Caveat: in real life, drug trials often have complications that make a simple statistical model such as this somewhat unsuitable:

  • Patients in real studies are not usually enrolled at equal times, but often over a period of up to a few years, with the result that those who were enrolled at the beginning of the study may have been tracked for years, while those enrolled toward the end were only tracked for a few months. Obviously, a patient's probability of dying increases the longer the study tracks him.

  • Some fraction of patients will inevitably leave the study early (for example, they move away to another city to find another job) before the study is finished.

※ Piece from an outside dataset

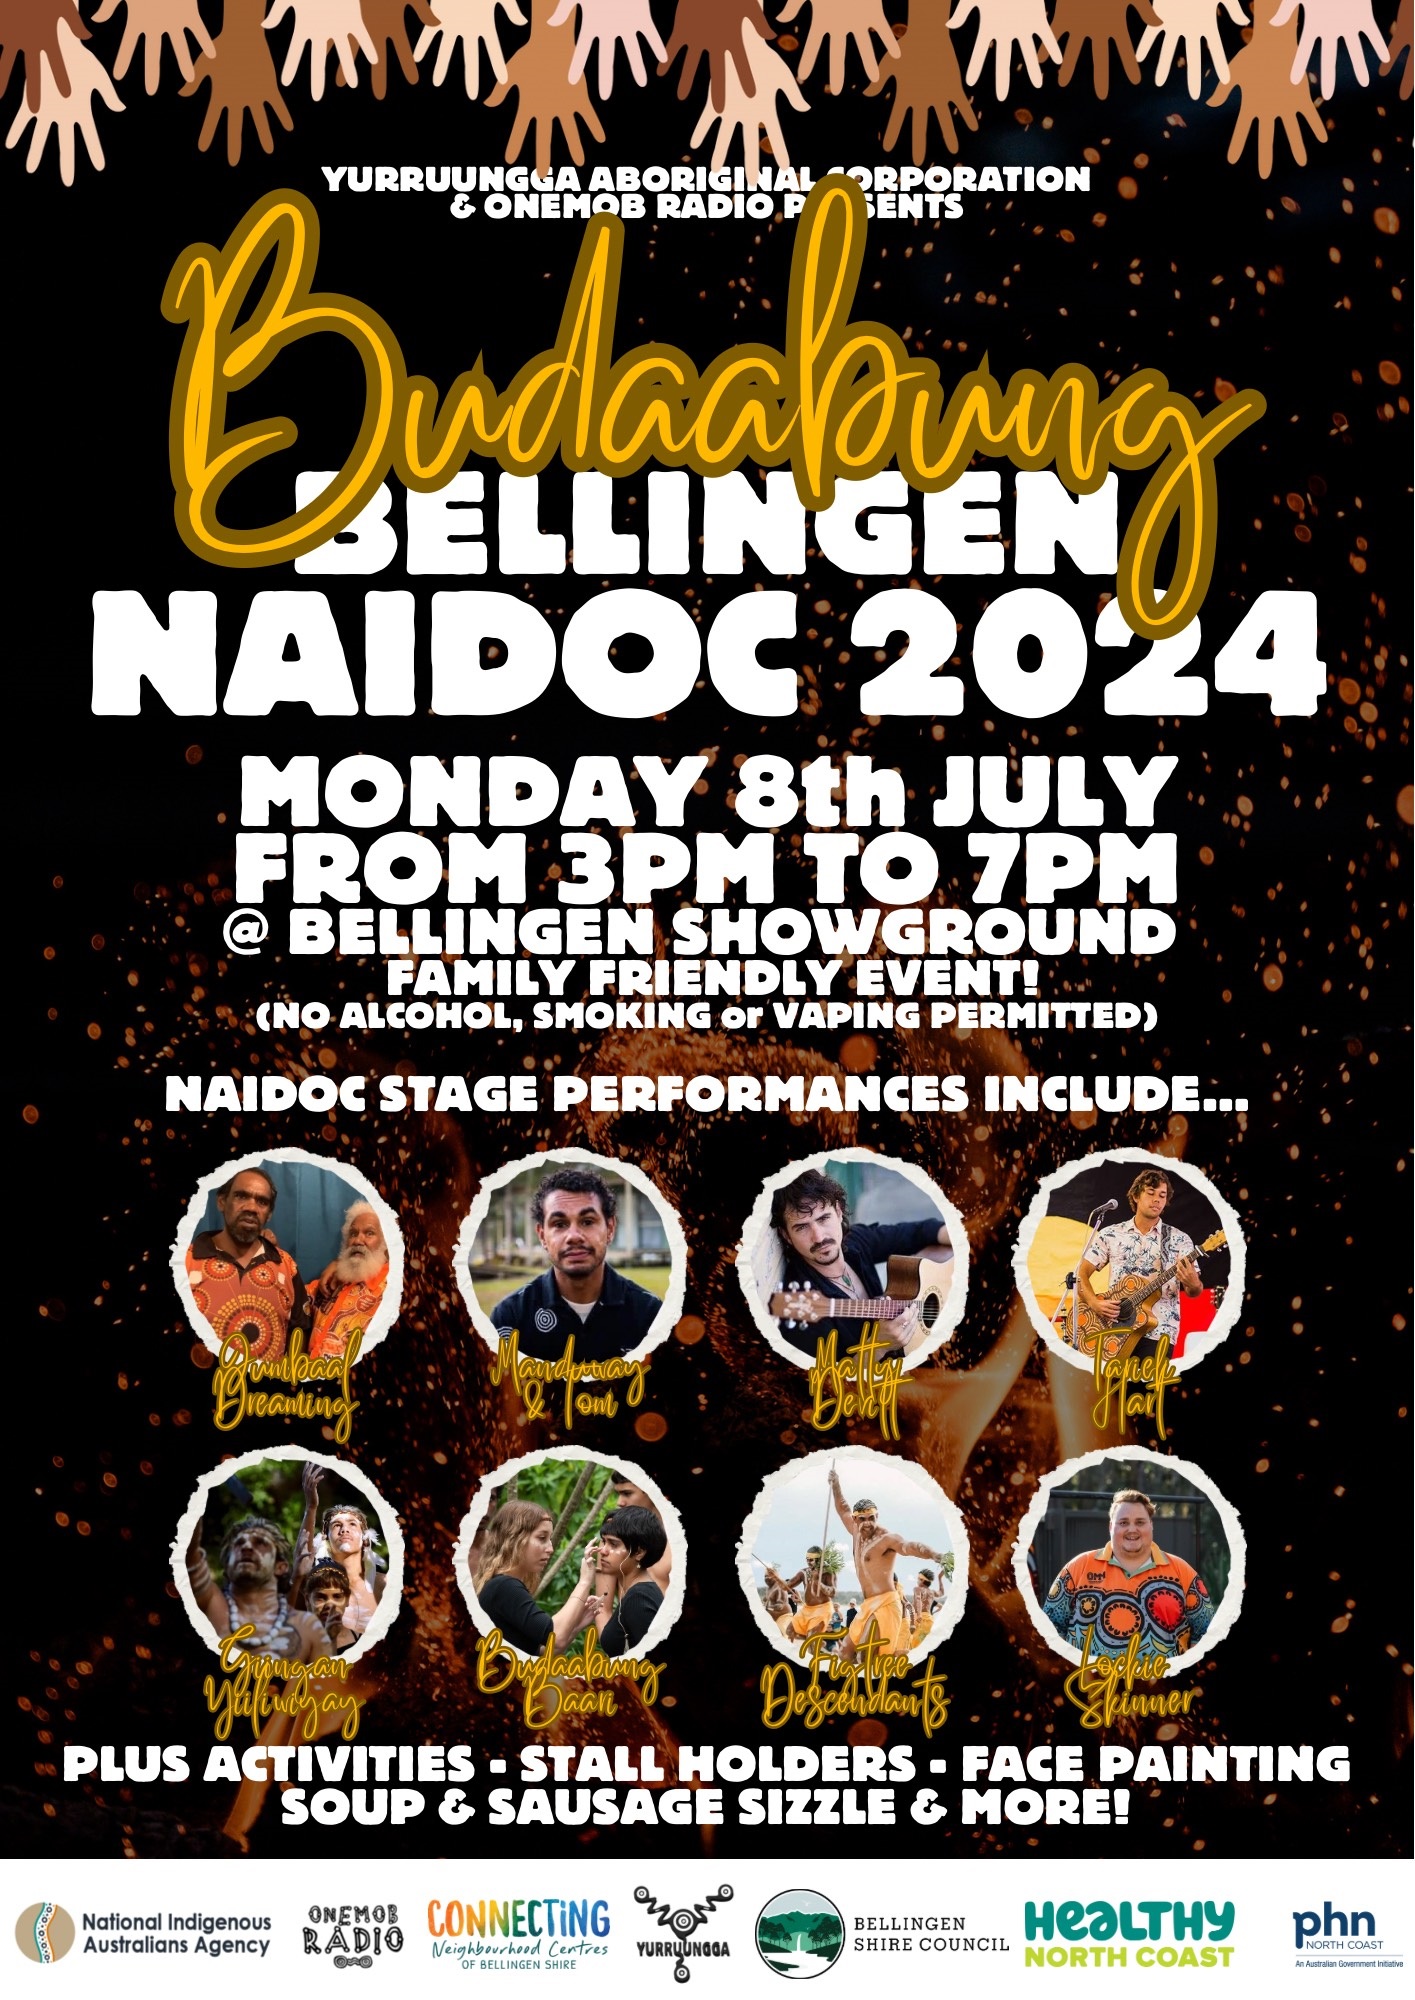 Budaabung-NAIDOC-2024-004.jpg

In these cases we know that they survived up to a certain date, but then we don't know what happened after that.

  • For some drugs, such as many cancer drugs nowadays, or antiretrovirals for HIV/AIDS treatment back in the 1990s, the relevant question to ask is not whether a patient lived or died in response to the drug, but did the patient live longer than he otherwise would have (e.g., did he survive a year instead of dying after only 3 months)?

Kaplan-Meier survival curves are a typical framework for analyzing these types of situations.